Instead of problems and mistakes like in the CFPB embeddings, we now see words related to sports, especially baseball, where an error is a certain kind of act recorded in statistics. This could present a challenge for using the GloVe embeddings with the CFPB text data. Remember that different senses or uses of the same word are conflated in word embeddings; the high dimensional space of any set of word embeddings cannot distinguish between different uses of a word, such as the word “error”.

What is closest to the word "month" in these pre-trained GloVe embeddings?

tidy_glove %>%
  nearest_neighbors("month")
## # A tibble: 400,000 x 2
##    item1     value
##    <chr>     <dbl>
##  1 month      32.4
##  2 year       31.2
##  3 last       30.6
##  4 week       30.5
##  5 wednesday  29.6
##  6 tuesday    29.5
##  7 monday     29.3
##  8 thursday   29.1
##  9 percent    28.9
## 10 friday     28.9
## # … with 399,990 more rows

Instead of words about payments, the GloVe results here focus on different time periods only.

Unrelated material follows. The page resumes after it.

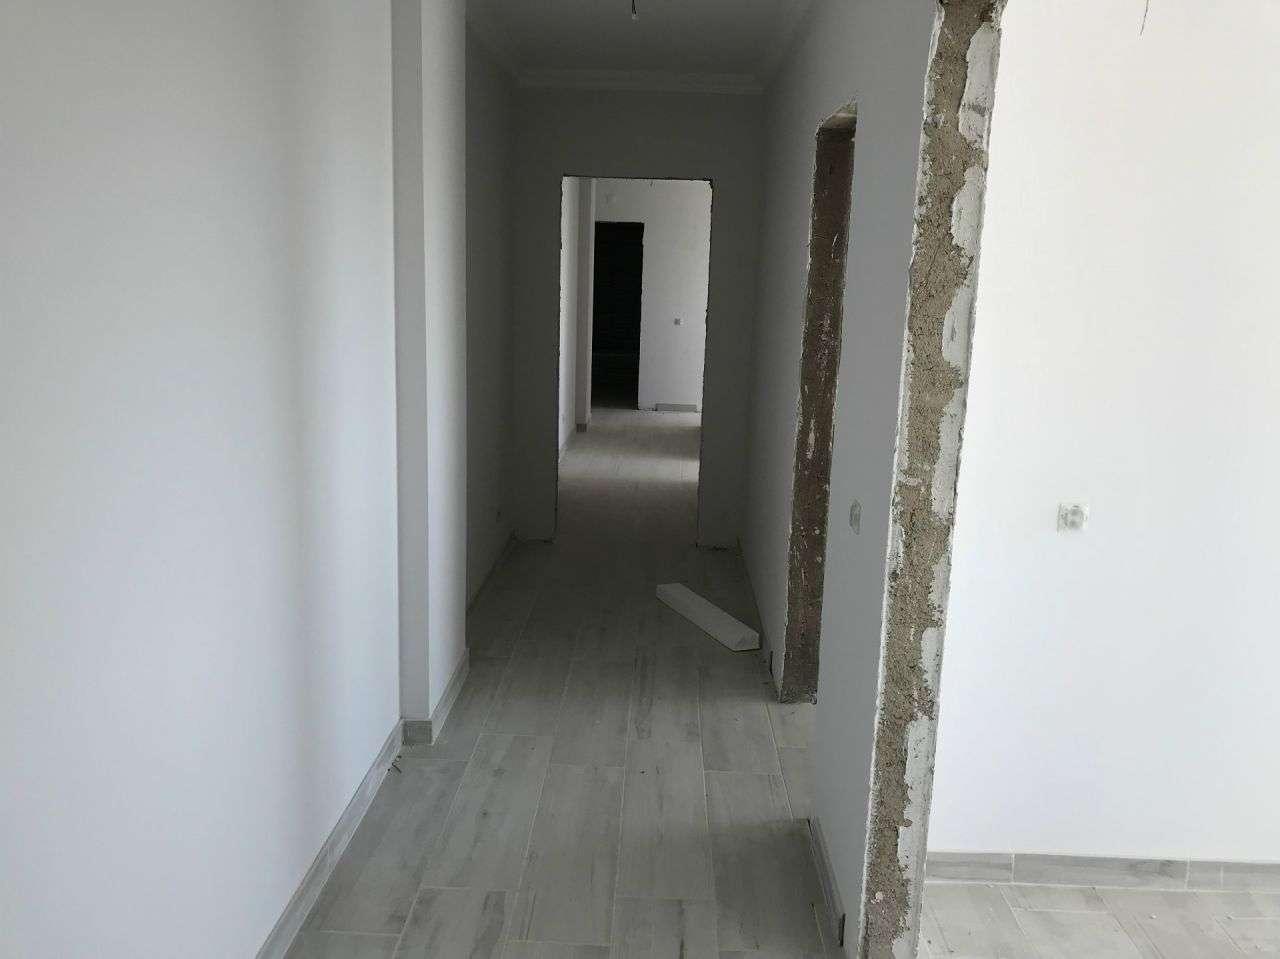 Apartamento para comprar, Moncarapacho e Fuseta, Olhão, Faro - Foto 5

What words are closest in the GloVe embedding space to "fee"?

tidy_glove %>%
  nearest_neighbors("fee")
## # A tibble: 400,000 x 2
##    item1        value
##    <chr>        <dbl>
##  1 fee           39.8
##  2 fees          30.7
##  3 pay           26.6
##  4 $             26.4
##  5 salary        25.9
##  6 payment       25.9
##  7 £             25.4
##  8 tax           24.9
##  9 payments      23.8
## 10 subscription  23.1
## # … with 399,990 more rows

The most similar words are, like with the CPFB embeddings, generally financial, but they are largely about salary and pay instead of about charges and overdrafts.

These examples highlight how pre-trained word embeddings can be useful because of the incredibly rich semantic relationships they encode, but also how these vector representations are often less than ideal for specific tasks.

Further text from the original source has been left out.